Jul 11, 2026  Twila Rosenbaum  57 views
SKT teams up with Nvidia on gigawatt-scale AI cloud

South Korean telecommunications giant SK Telecom (SKT) has unveiled ambitious plans to construct a gigawatt-scale artificial intelligence (AI) cloud within its home country, partnering with Nvidia to build dedicated infrastructure aimed at supporting the nation's rapidly growing AI demands. The initiative marks a significant shift from traditional telecom operations toward becoming a central player in the AI infrastructure space.

The core of the project involves SKT deploying Nvidia's DSX platform to build a large-scale AI factory dedicated to manufacturing the compute tokens required for advanced AI workloads. The first of these facilities is expected to become operational in 2027, targeting both training and inference tasks as well as emerging agentic AI applications. Unlike general-purpose cloud environments, SKT's AI cloud will be customised for graphics processing unit (GPU)-accelerated computing, designed to provide sovereign, physical, and enterprise AI services to industries across Korea. The company plans to eventually expand these services to the broader Asian market.

Nvidia's DSX Platform: The Foundation

Nvidia's DSX platform is a full-stack reference architecture comprising software, hardware, and operations to generate AI tokens efficiently. Key components include the DSX MaxLPS software, which drives the highest possible token performance per megawatt, and the DSX OS operating layer that manages lifecycle, health automation, and multi-tenant capabilities of an AI factory. This end-to-end solution is specifically built for running GPU-accelerated workloads at massive scale, making it ideal for telecom operators looking to pivot into AI cloud services.

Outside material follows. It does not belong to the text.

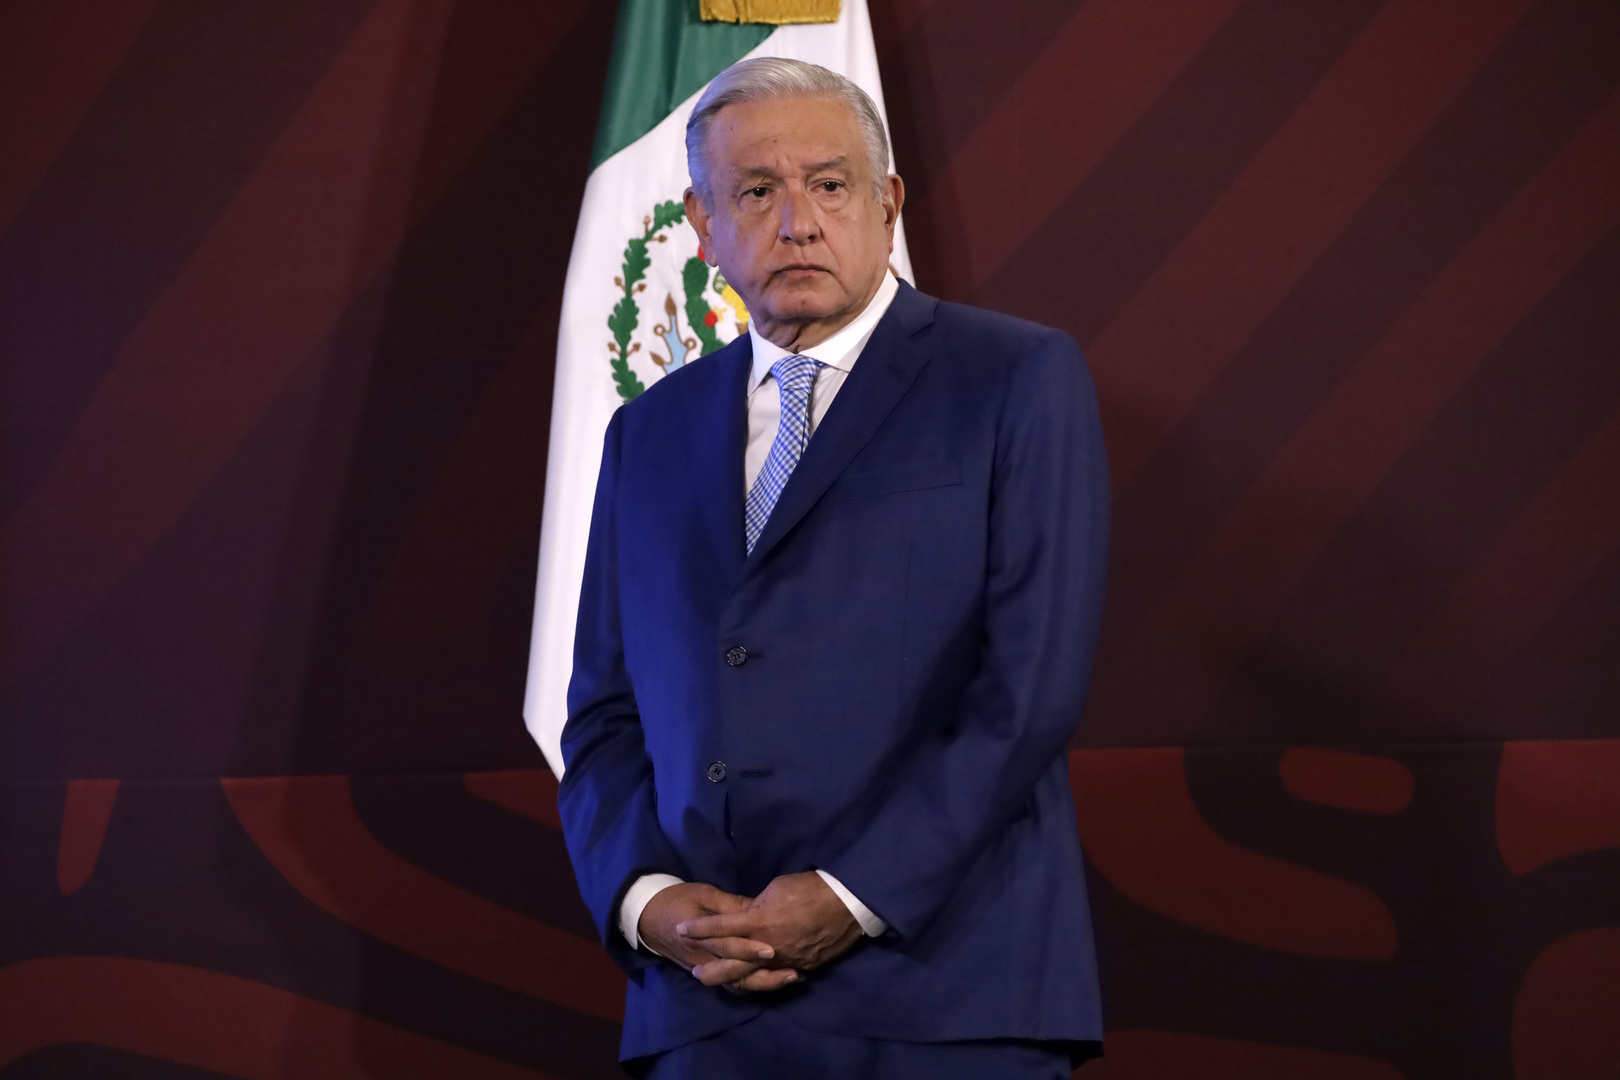 برلمان بيرو يعلن رئيس المكسيك شخصية غير مرغوب فيها

Nvidia CEO Jensen Huang emphasised the strategic importance of telecom networks in the AI era: 'Telecom networks are becoming national AI infrastructure. They connect people, companies, devices and machines – and now they can become the backbone of new AI clouds. With Nvidia DSX, SK Telecom can build Korea's AI cloud at scale and bring agents, enterprise and physical AI to the companies and industries that power Korea and the world.'

The partnership extends beyond mere infrastructure deployment. SK Group and Nvidia also announced joint research into next-generation AI factory architectures, spanning what they term 'silicon-to-grid' innovation. This will focus on accelerated computing, memory technologies, and datacentre operations to drive more resilient and scalable AI services.

Strategic Context: SKT's AI Transformation

SKT chairman Chey Tae-won noted that the partnership secures full-stack AI infrastructure capabilities for the company, covering everything from chip-level hardware to broader datacentre operations. 'We will work with Nvidia to tackle GPU, memory and energy challenges, and become a leading AI cloud company shaping Asia's AI ecosystem,' he added. SKT will also become an official Nvidia Cloud Partner, joining the tech giant's global ecosystem of AI infrastructure and software providers.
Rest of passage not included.